Not only do we have a threat of North Korea now launching a nuclear weapon, but we have the clear threat of North Korea and Iran proliferating nuclear technology. In addition, as Iran, working with North Korea, develops their nuclear program, and as the world sits fecklessly by and lets them do it, others in the region legitimately have their tensions increased and have talked about the need for those nations to develop nuclear weapons, thus starting an arms race in a region of the world where it is the last place we want a nuclear arms race.
Finally, we have the issue of whether this nuclear material that is being developed in both North Korea and Iran will end up in the hands of terrorists, to be delivered in a nonconventional way. North Korea is a new threat on the horizon, but it is not alone. In fact, North Korea has expressed direct support for Iran's nuclear development program and stressed that the United States and the West have no right to defy such a program.
The Iranians have also commented officially on friendly ties between Tehran and Pyongyang after the Islamic revolution, saying Iran ``highly praises North Korea for its steadfastness against the domineering policies of the United States.''
But the threat goes even further. Ahmadinejad, with Kim Jong Il, like Mussolini and Hitler, intends to conquer Western civilization. Again, that is not Hitler. But they also, like the Soviets under Nikita Khrushchev, see the advantage of placing weapons of mass destruction within short ranges of the United States.
Obviously, one likely candidate would be Venezuela. I don't know of any regime currently that is more vehement and more anti-American than Hugo Chavez and the regime in Venezuela, so it probably comes as no surprise that Ahmadinejad and Chavez have had meetings, and they are now aligned and allies and working together and have, in fact, formed a defense pact between the two countries.

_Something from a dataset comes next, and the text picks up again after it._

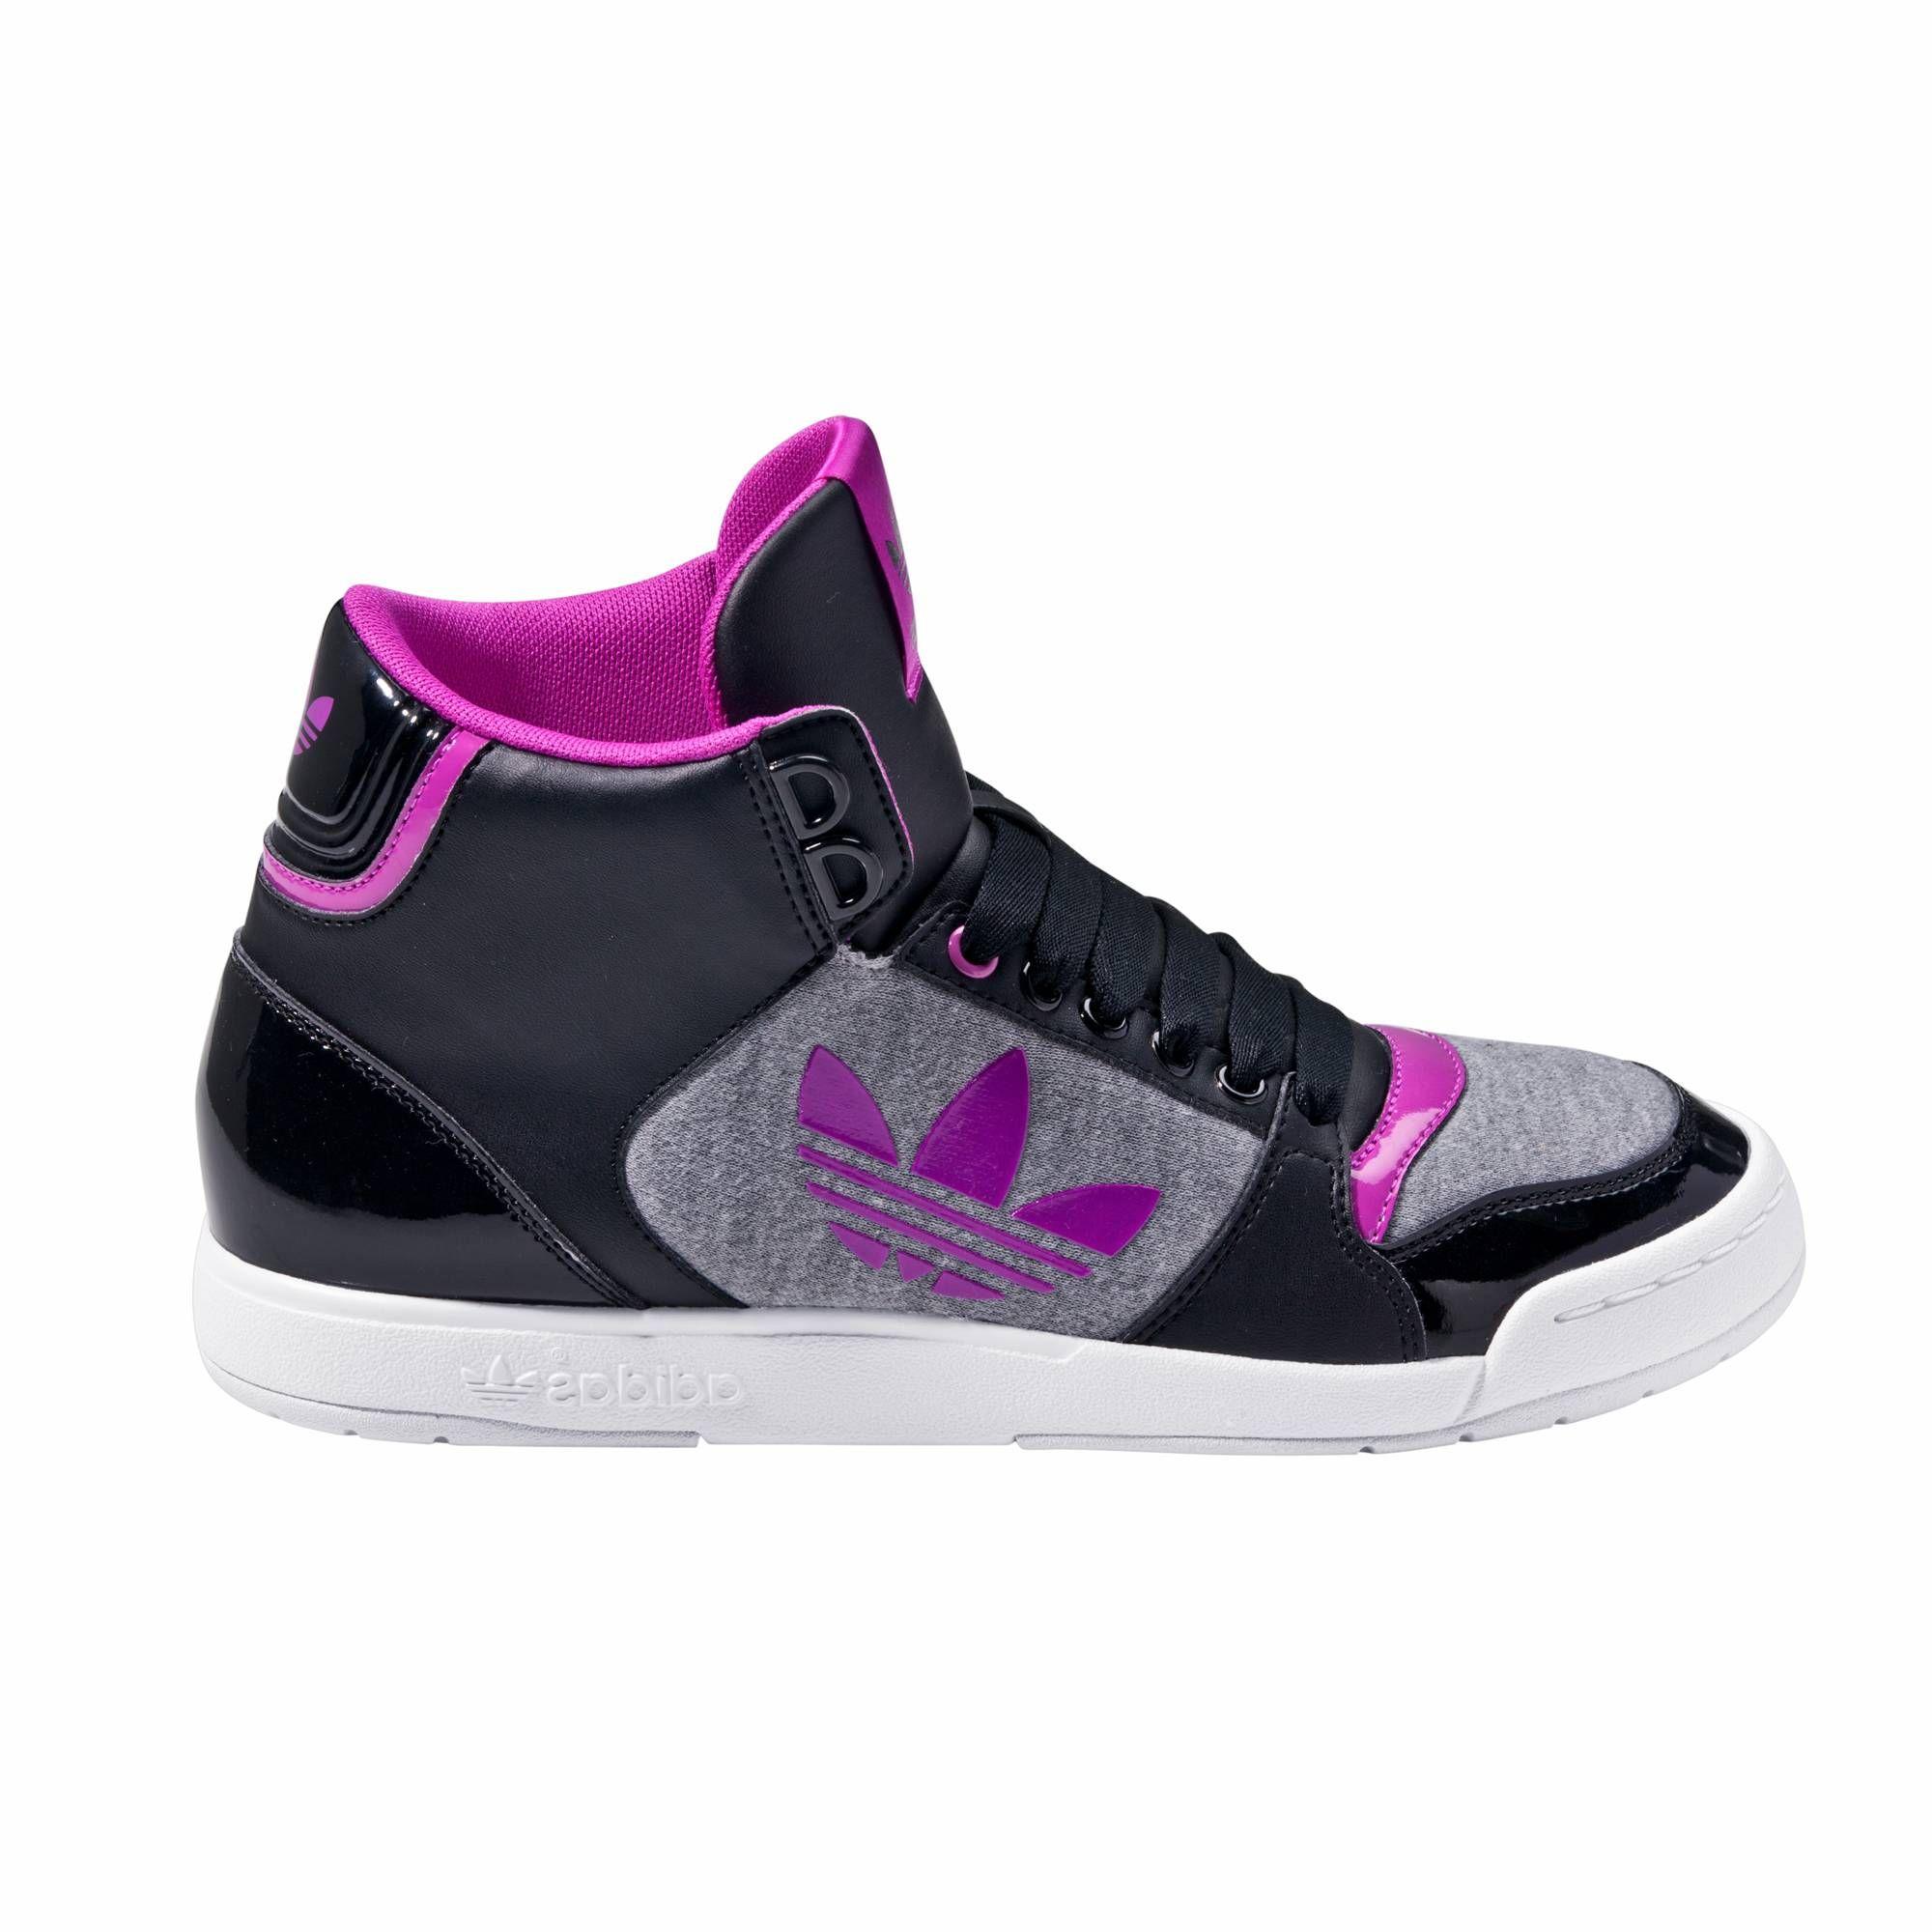 unique design multiple colors for whole family Chaussures sport MIDIRU COURT 2 de adidas femme - 3 Suisses ...

Venezuela is a serious threat not just because of their relationship within Iran but because of what it has attempted to do throughout the region, as well as its own potential threat.
Just a few weeks ago there was an election in Nicaragua, right before our election, where Nicaragua's Daniel Ortega won the election, took a congratulatory call from Hugo Chavez, who said:
We're happy here. We're very proud of you.
Now, like never before, the Sandinista revolution and the Bolivarian revolution unite, to construct the future, socialism of the 21st century.
Chavez made no secret about his support for Ortega or his support for the new rulers in Bolivia. Chavez is doing all he can to build military power and might and influence in the region of the world that is uncomfortably close to the United States.
As we know, Chavez has been clear about his disdain for America. What we don't know is what Venezuela has been up to. I suspect that most Members of this Senate do not know that Venezuela is the leading buyer of foreign arms and military equipment in the world today, that Chavez is building an army of more than 1 million soldiers. I suspect most in this Senate do not know that over the next year he plans to spend $30 billion to build 20 military bases in neighboring Bolivia which will dominate the borders of Chile, Peru, Paraguay, Argentina, assembling those military bases on the borders of the countries I just mentioned. These military bases, while they will be manned by Bolivian soldiers, will be commanded by Venezuelan and Cuban officers.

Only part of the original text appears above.